Open moweonlee opened 2 years ago
Describe the bug
I think I have found a problem when I tries to execute Flink's job with both pulsar-connector especially in flink's TimeCharacteristic.EventTime mode.
Why I think so is that I have tried same code with Kafka source It works well with the Event time window.

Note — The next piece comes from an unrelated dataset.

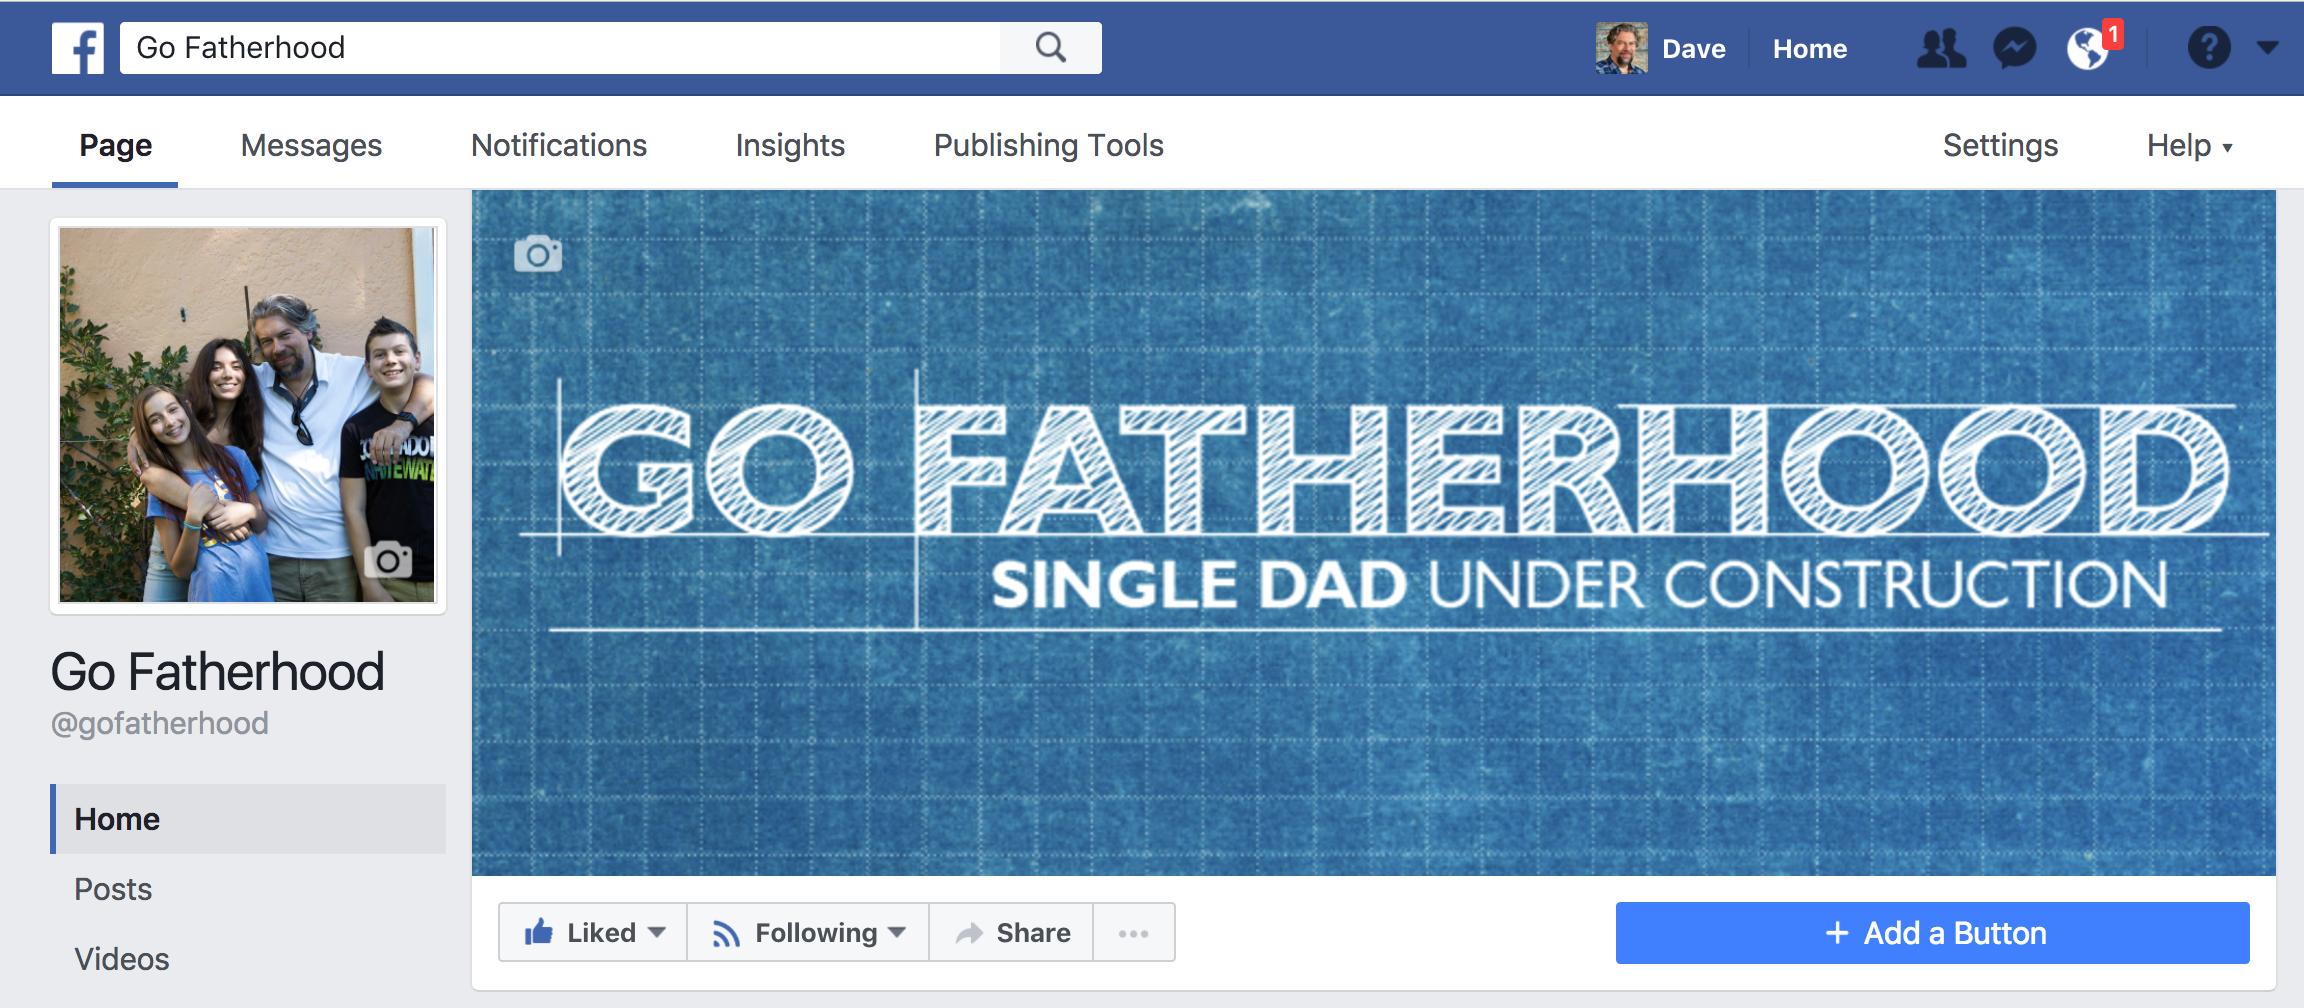 facebook business page gofatherhood top banner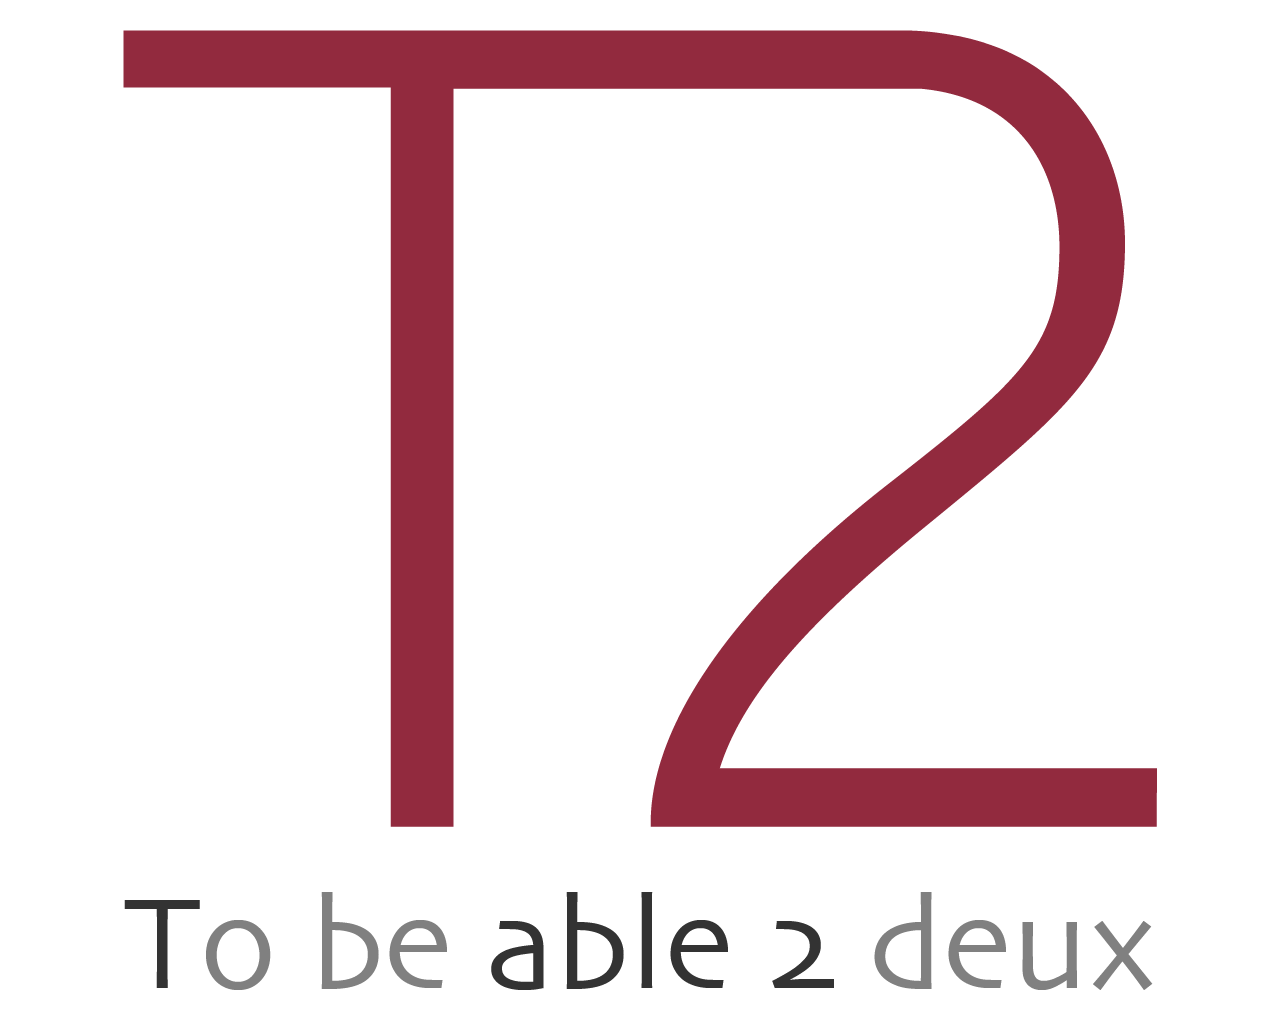 table2_logo_z

By the way with Pulsar connector, Flink doesn't seems to recognize its TimeCharacteristic is EventTime.
And Flink's dashboard says that it is not running in EventTime Window mode like below.
I have checked that timestamps that I'm creating with source data is normal like this.
[10.172.27.108]:[2022-09-11T15:57:26.540Z]:timstamp : [1662911844581] [10.172.27.108]:[2022-09-11T15:57:26.540Z]:timstamp : [1662911844581] [10.172.27.108]:[2022-09-11T15:57:26.540Z]:timstamp : [1662911845321] [10.172.27.108]:[2022-09-11T15:57:26.540Z]:timstamp : [1662911845321] [10.172.27.108]:[2022-09-11T15:57:26.540Z]:timstamp : [1662911845307] [10.172.27.108]:[2022-09-11T15:57:26.540Z]:timstamp : [1662911845307] [10.172.27.108]:[2022-09-11T15:57:26.540Z]:timstamp : [1662911844954] [10.172.27.108]:[2022-09-11T15:57:26.540Z]:timstamp : [1662911844954]
Could you please let me know whether if pulsar connector support watermarking code like mine ?
Here is the environment that I have tested so far.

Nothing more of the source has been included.